Поцелуй через стекло (СИ) - Воронина Алина. Страница 2
Он думал о том, как миллионы нервных клеток с бесчисленными соединениями, которые составляли «Я» умершей, перешли в то, что называют прах. И нам, всё ещё живым, остаётся только гадать, как эта грубая материя, этот кусок мяса в черепушке способен был порождать целый мир. Кто приблизился к этой разгадке? Хотя бы чуть-чуть?
Эх, на несвоевременные мысли наводит изоляция. И как ему не достаёт рабочего кабинета с его лепниной на потолке, венецианскими окнами со старинными шпингалетами и настоящим паркетом. Один сторож охраняет сейчас покой того бывшего купеческого особняка. Наверное, обойдя этажи, заглянув во все закутки, он возвращается в свою каморку под массивной лестницей и включает телевизор. Единственную отраду. А за окном вестибюля тем временем покачивается пышная дубовая крона.

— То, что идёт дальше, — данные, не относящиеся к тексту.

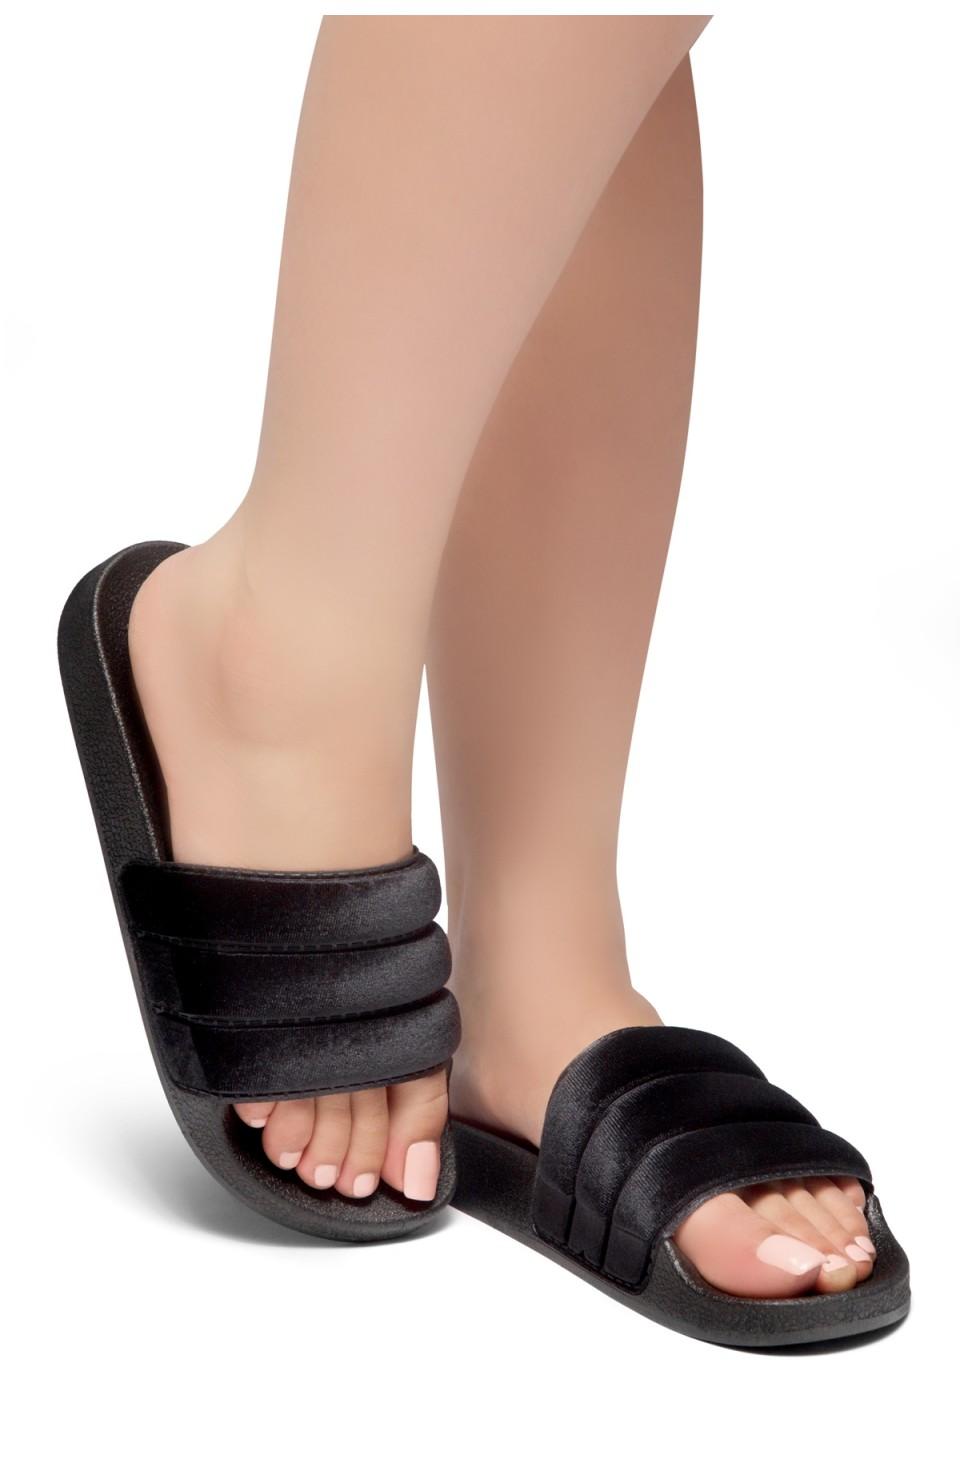 HerStyle SL-170807 Open Toe Slide Sandal (Black)

Когда онлайновые новостные сайты похоронили большинство городских газет, «Вести Мирного» уцелели. Правда, пришлось привести в жертву часть штатных сотрудников. Да и выходила газета нынче раз в неделю и меньшим тиражом. К моменту пандемии в распоряжении редактора была сотрудница отдела рекламы и бухгалтер. Всё остальное Вилен Владимирович взял на себя. Таким образом карантин мало повлиял на функционирование редакции. Сменилась лишь её дислокация. Редактор работал дома. Единственное, что угнетало его, так это невозможность покинуть квартиру.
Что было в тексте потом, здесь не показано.